Truce expires: Israel restarts combat as IDF fighters carry out air raids in Gaza

IDF claimed that Hamas violated the ceasefire pact and fired rockets at Israel

YE Top Photos Global 2023 (File) Fire and smoke rise following an Israeli airstrike in Gaza City on October 8 | AP

After a seven-day ceasefire that saw the exchange of hostages for Palestinian prisoners and humanitarian aid, Israel on Friday resumed combat in Gaza. Soon after, Israeli Defence Force (IDF) fighter jets began striking Hamas targets in Gaza. 

The end of the truce was evident after Hamas failed to provide Israel by 7 a.m. a list of hostages to be released on Friday. The IDF then claimed that Hamas violated the ceasefire agreement and additionally fired rockets at Israel. In response, it renewed attacks on the Hamas targets in Gaza, the IDF claimed.

Minutes after a week-long truce between Israel and Hamas broke down on Friday, Israeli military vehicles were firing in northwest Gaza, said a statement by Hamas-controlled Ministry of Interior in Gaza. It added that the Israeli aircraft were in the skies above the area.

"We're ready for all possibilities. Without that, we're going back to the combat," Mark Regev, an adviser to Israeli Prime Minister Benjamin Netanyahu, said on CNN ahead of the expiry of the truce.

Till Thursday, 105 hostages were released in exchange for 240 Palestinian prisoners.
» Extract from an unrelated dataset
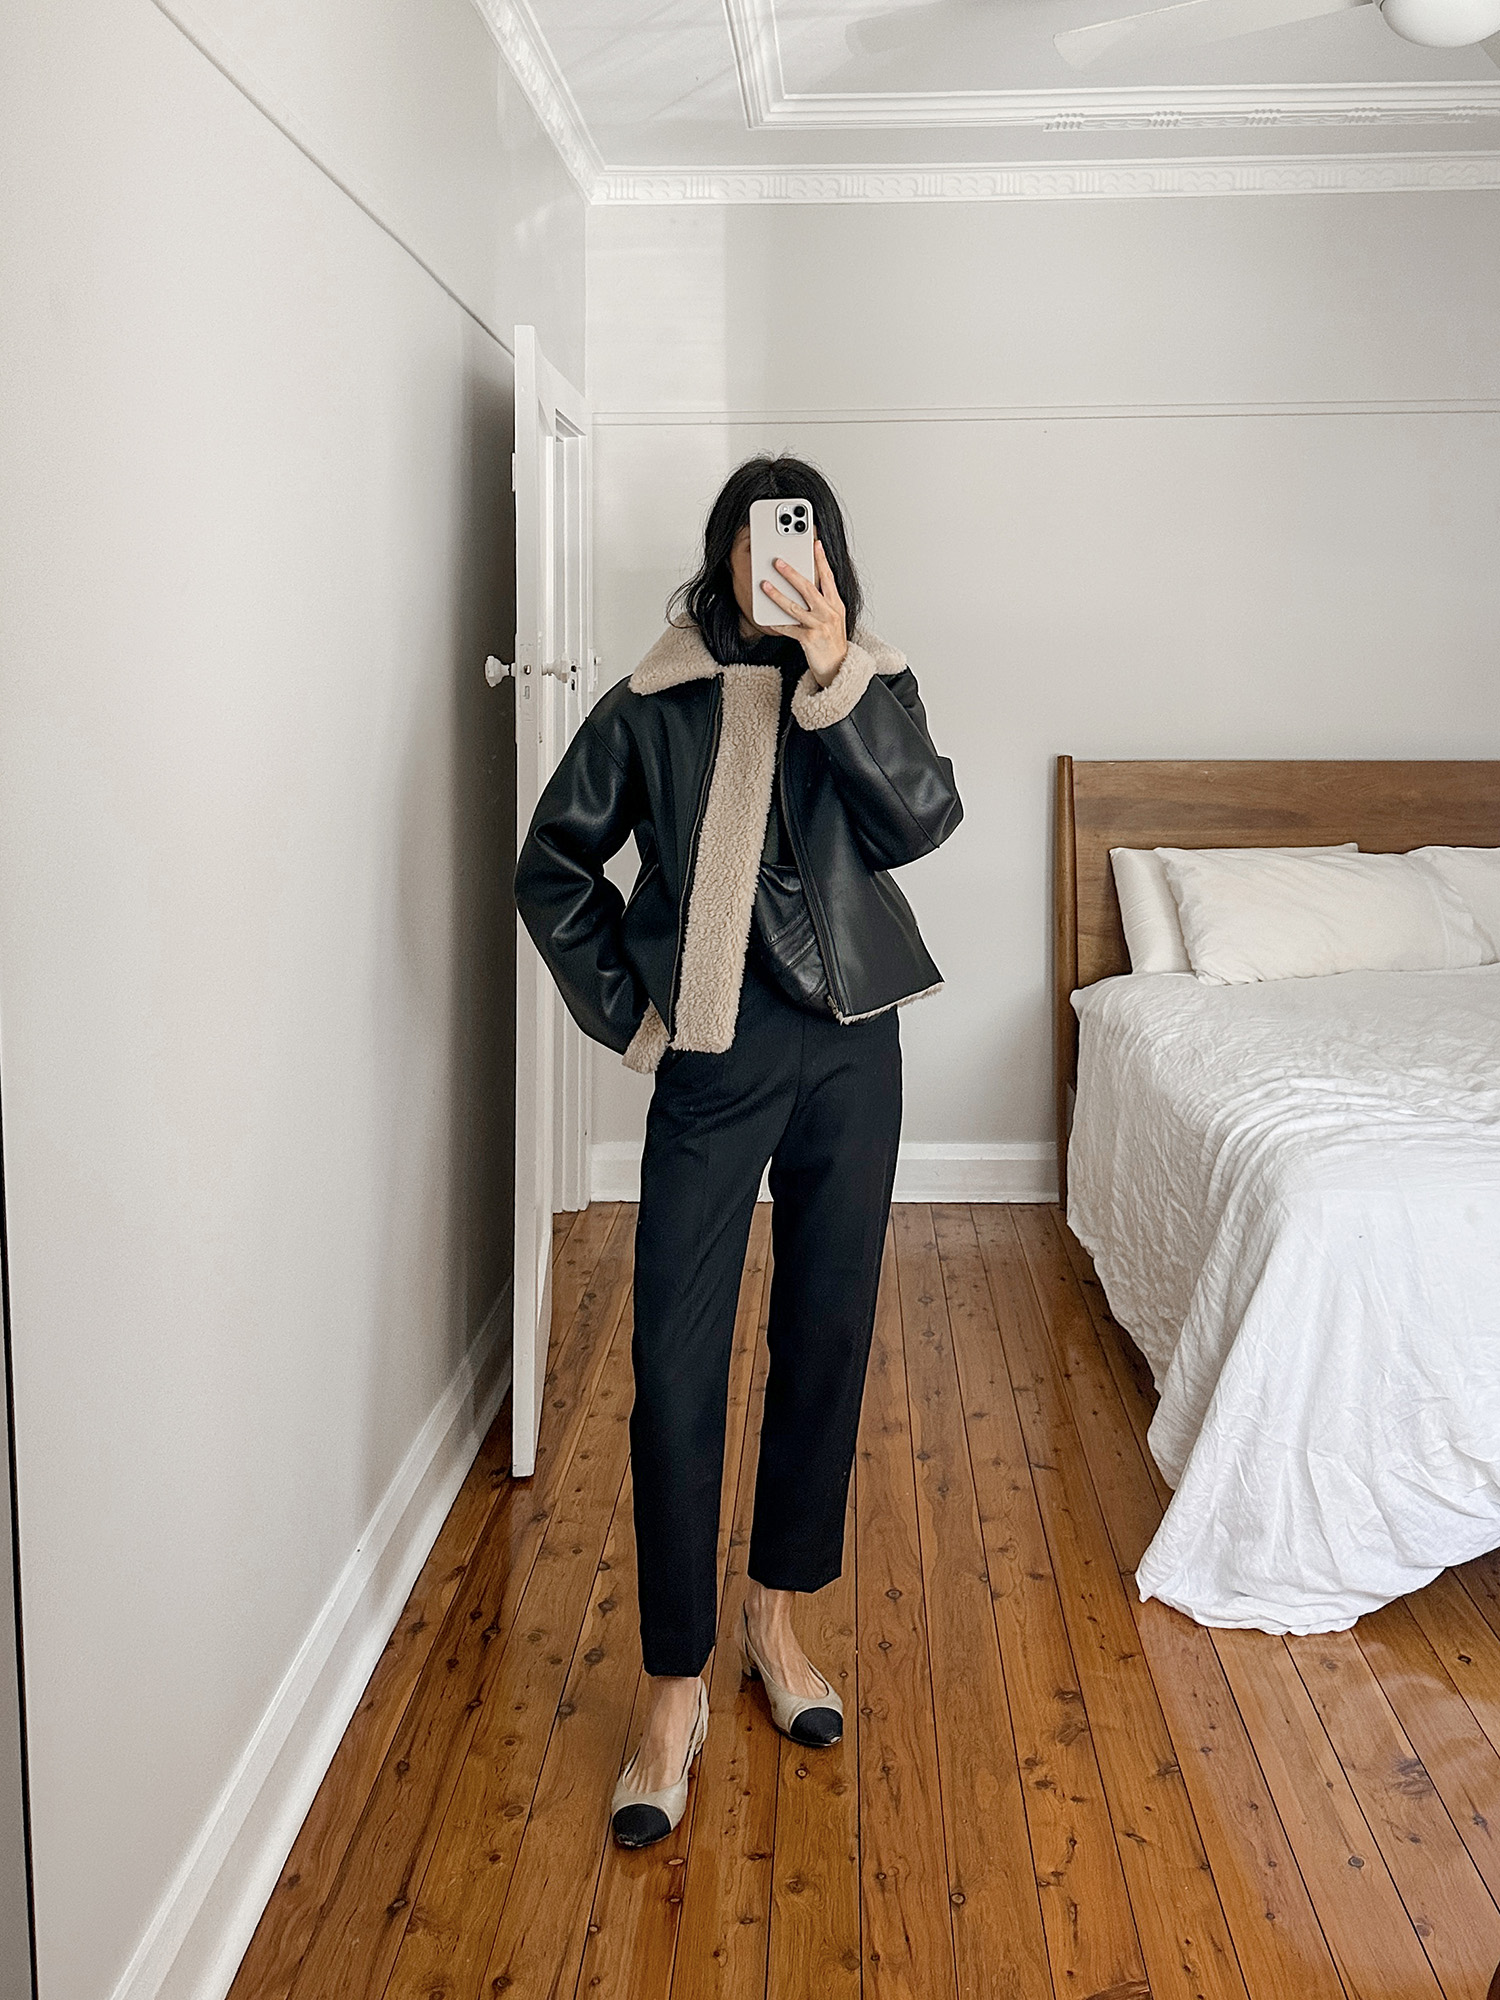 Wearing Everlane recashmere sweater with Facade Pattern Shearling jacket and Arket trousers

Qatar and Egypt had been leading the negotiations aimed at a fighting pause.  Qatar's lead negotiator and career diplomat Abdullah Al Sulaiti, who helped broker the truce through marathon shuttle negotiations, told Reuters obstacles towards achieving a ceasefire. "At the beginning, I thought achieving an agreement would be the most difficult step. I've discovered that sustaining the agreement itself is equally challenging," he added. 

Meanwhile, U.S. Secretary of State Antony Blinken, who is in Israel, said he warned Netanyahu against repeating in south Gaza the massive civilian casualties and displacement of residents it inflicted in the north. "We discussed the details of Israel's ongoing planning and I underscored the imperative for the United States that the massive loss of civilian life and displacement of the scale that we saw in northern Gaza not be repeated in the south," Blinken told reporters in Tel Aviv.

"And the Israeli Government agreed with that approach," he said. "This would include concrete measures to avoid damaging critical infrastructure such as hospitals and water facilities and clearly designating safe zones," Blinken said.